Back in the day, when I was a full time research nerd, I would sometimes dream of doing experiments in my garage. Ok, at the time we didn’t have a garage, but my desire was to do science on the cheap. No more grant deadlines and all that. No more feeling guilty if you left lab before 9pm or “only” came in for an hour or two on the weekend (research is really best suited for single folks sans kids IMHO). I loved being in the lab and actually doing science, but there was a definite conflict between that and being a normal husband and dad.
In my fantasy, I would have some sort high/low tech setup (centrifuges powered by exercise bikes… someday graduating to steam driven-Rube Goldberg-automation). I dreamed of asking questions that were both important enough to be publishable but obscure enough that no one else cared (allowing me to ignore the pedal powered centrifuge for weeks without fear of the competitors, who never seemed to get off their own exercise bikes).
There are a few standards this research must fulfill:
- Must fit into the learning objectives of my classes in a direct & obvious way.
- Must be so simple and robust that even that rare student who doesn’t listen to directions has a high likelyhood of getting meaningful data.
- Must fit into what I am doing right now. My colleagues and I are extremely busy, teaching is our first priority and things that do not directly involve teaching tend to get put off.
- Must not take more than the ~15 minutes of extra time I have each day.
- Must have the potential for students to think of their own questions and test their own hypotheses (because having students repeating “experiments” for which we know the outcomes makes me want to shove pencils through my eyes).
The very last thing I did in my professional research career (while working for the most brilliant (and nicest) boss ever) was to mess around with different chemicals trying to screw up the infectious cycle of retroviruses (HIV among them). One of the chemicals we used was juglone:
Its effect on retroviruses is a separate (yet incredibly important) story. The most important thing for me now is that my boss impressed me with the knowledge that juglone is made by walnut trees (thus the family “Juglandacea“, which includes hickories, pecans and walnuts).
That’s where this stayed for a couple of years. I got this full time teaching job, we moved out here, I taught, I graded papers, I worked on committees, I slept, I worked on committees. Every semester though, I managed to sneak out into the forest. With my classes, with my co-worker Todd (from whom I am obtaining an informal education in what can only be called natural history), by myself. When you’re out there with your eyes open you notice things. In the picture below (from our forest), compare the Black Walnut (green arrow) with the pine tree in the background (red arrow):
Who needs more personal space? Your damned straight man, that black walnut is all “honey badger secretes a toxic chemical and KILLS its neighbor’s plant babies”. That pine has all kinds of plants growing right up under it. The forest has an amazing ability to invade and push into new areas… I try to impress this on my students as we cross from the manicured lawn through the *wall* of greenery that is the edge of the forest with the question: “What do you think would happen if they stopped mowing this lawn?”. Black walnuts resort to chemical warfare to keep their neighbors away and juglone is a big nasty in their arsenal. Honey badger wouldn’t stand a chance against a black walnut.

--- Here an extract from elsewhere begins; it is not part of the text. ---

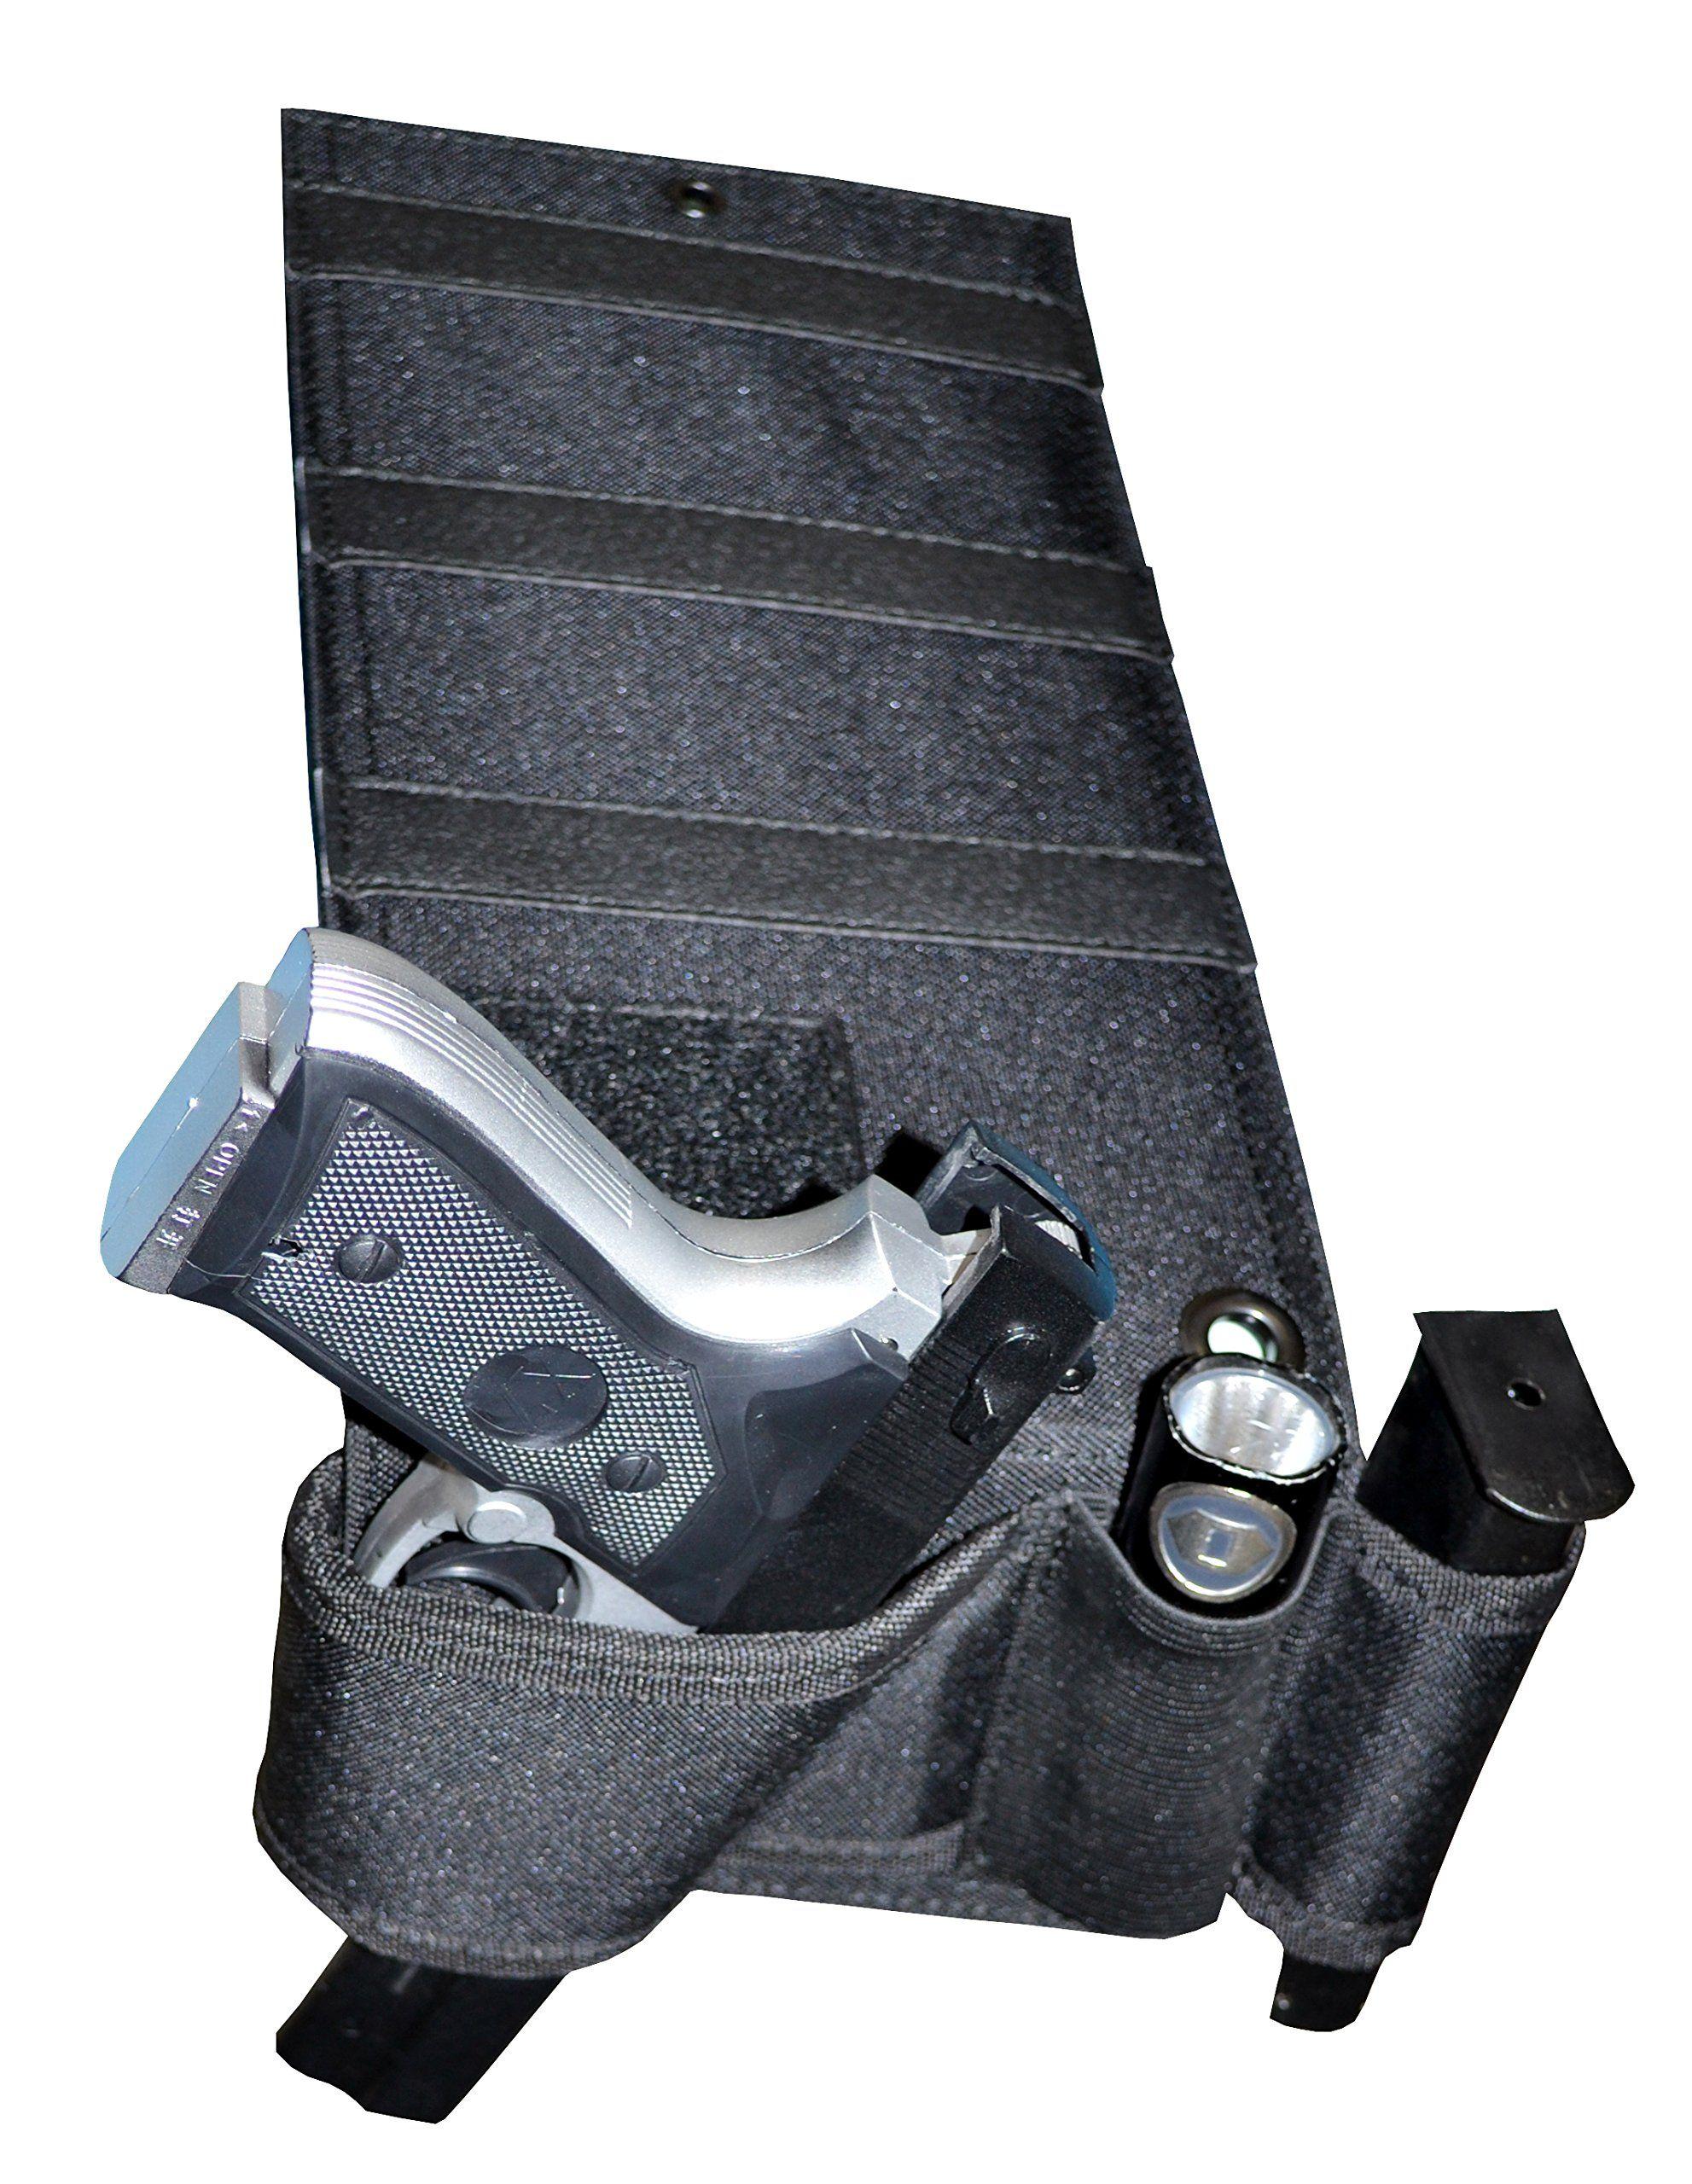 Under Mattress Bed Handgun Holster with Tactical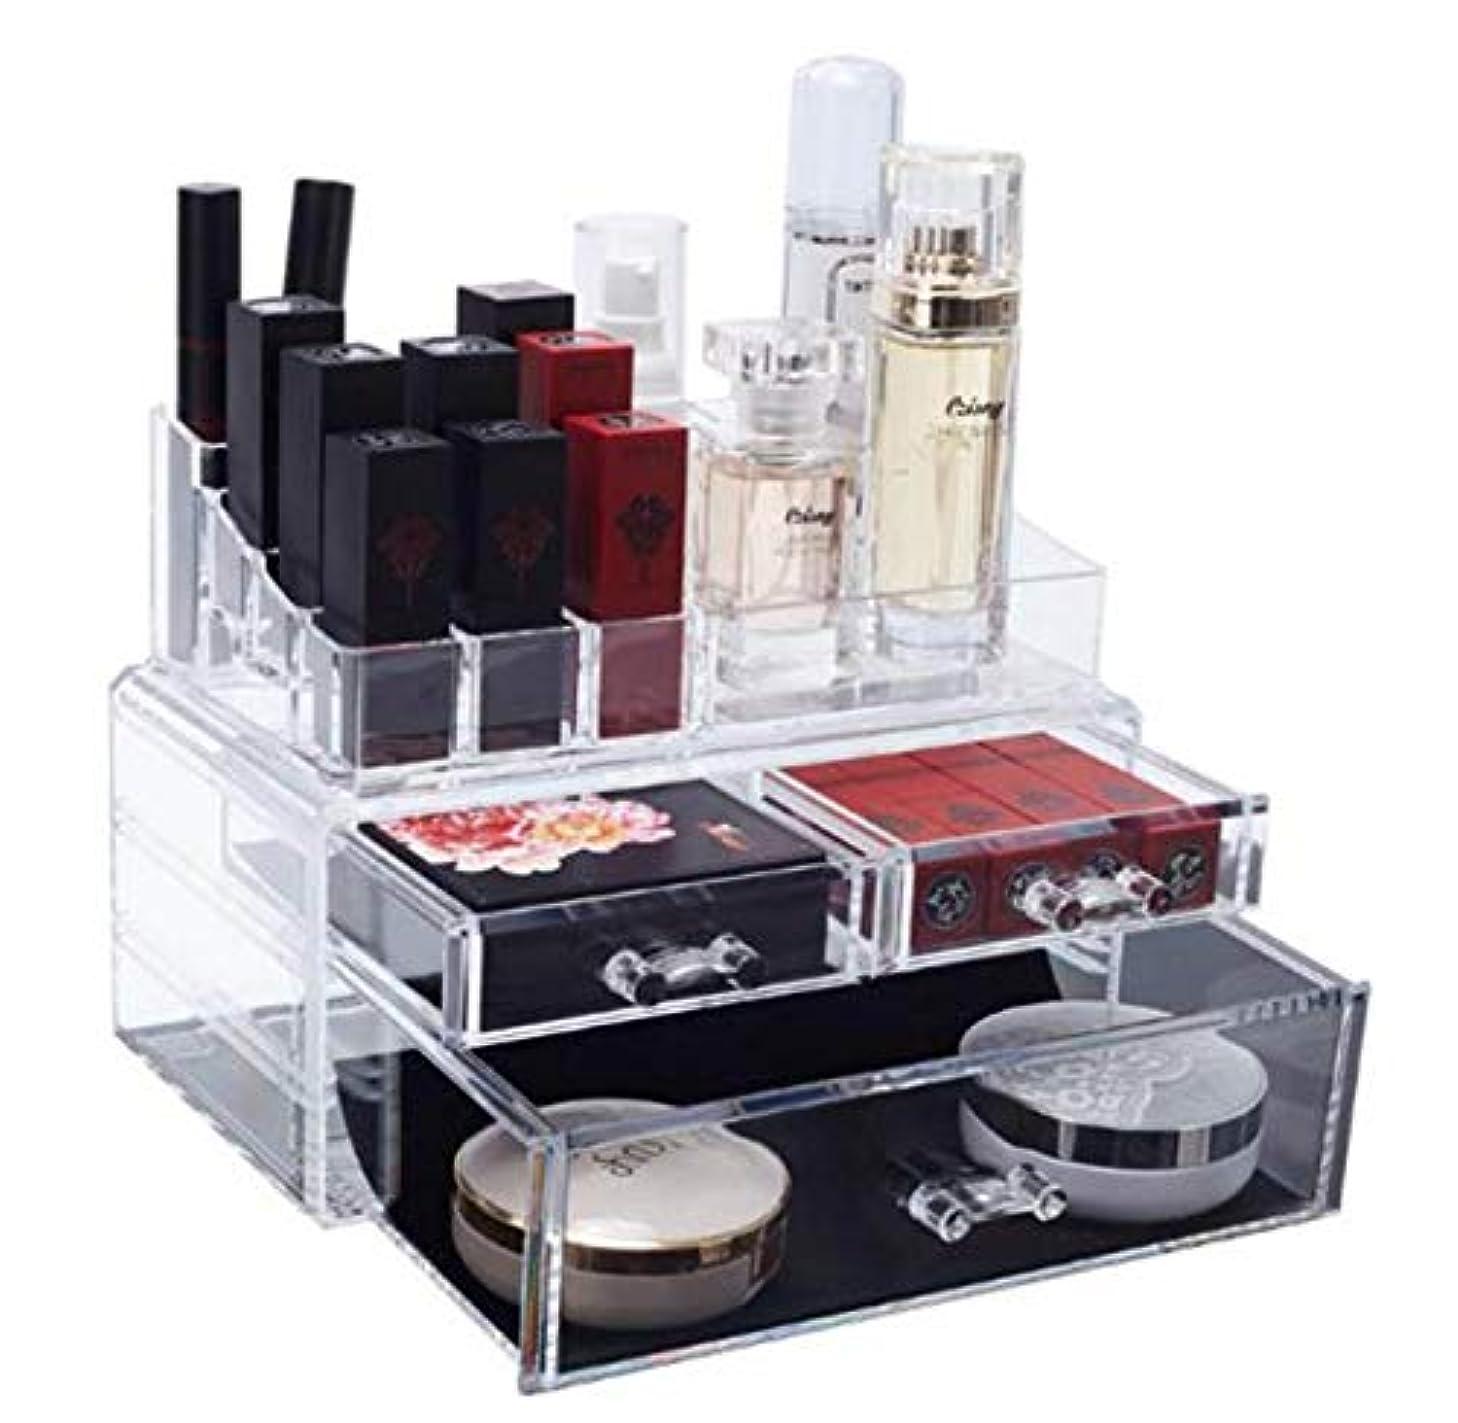 他の日こだわり満員化粧品収納ボックス メイク収納ケース コスメ 収納ボックス 大容量 高透明度 引き出し アクセサリー/化粧品入れ 耐久

There is quite a literature on this, its called allelopathy (which roughly translates to “kill anything that isn’t me”). There are lots of people having their students doing similar experiments with different plants. There are so many places to go with this. To start, this semester I blended up different parts of a walnut (not the one pictured) and had students test its effect on the germination of tomato and corn seeds (repeating published data from the 40s). To butcher some metahpors, tomato seeds are quite the hot-house flower:
Infectious disease is my background, so whenever I want to know how much of something is present, I dilute it several times and see which dilution gives me 50% of whatever it is I am looking for. If you are working with a virus or a bacteria in petri dishes, this is called a “TCID50” (tissue culture infectious dose 50%). If you are infecting mice or other living organism, this is called an “LD50” (lethal dose 50%). So naturally I dilute out my extracts and look for a GID50 (germination inhibition dose 50%). It sort of works:
Things were going great. Students were doing real experiments, counting, graphing, not falling asleep. The chemistry professors seem game to having their students do some chemistry on this. Then I try to move to a cheaper seed after Jim (professor and colleague who has the best ideas and the calmest night-DJ voice I have ever heard) points out that tomato seeds are actually pretty spendy. So I try some peas after he buys me a bunch from the farmers market. A negative control, something besides water that doesn’t affect seed germination, would also be nice, so I blend up some sweetgum leaves (what could be more harmless and friendly than a tree named sweetgum??) and try that. (spoiler alert, I am aware that even had sweetgum extract not affected germination this would not have been a good negative control, but its going to be hard to find a genetic knockout black walnut lacking the ability to make juglone, so humor me). I will leave you with a picture of the results (last pictures taken in our living room yesterday). Obviously, the peas are throwing me a curve ball and sweetgum trees are honey badgers too, but hell, this is fun.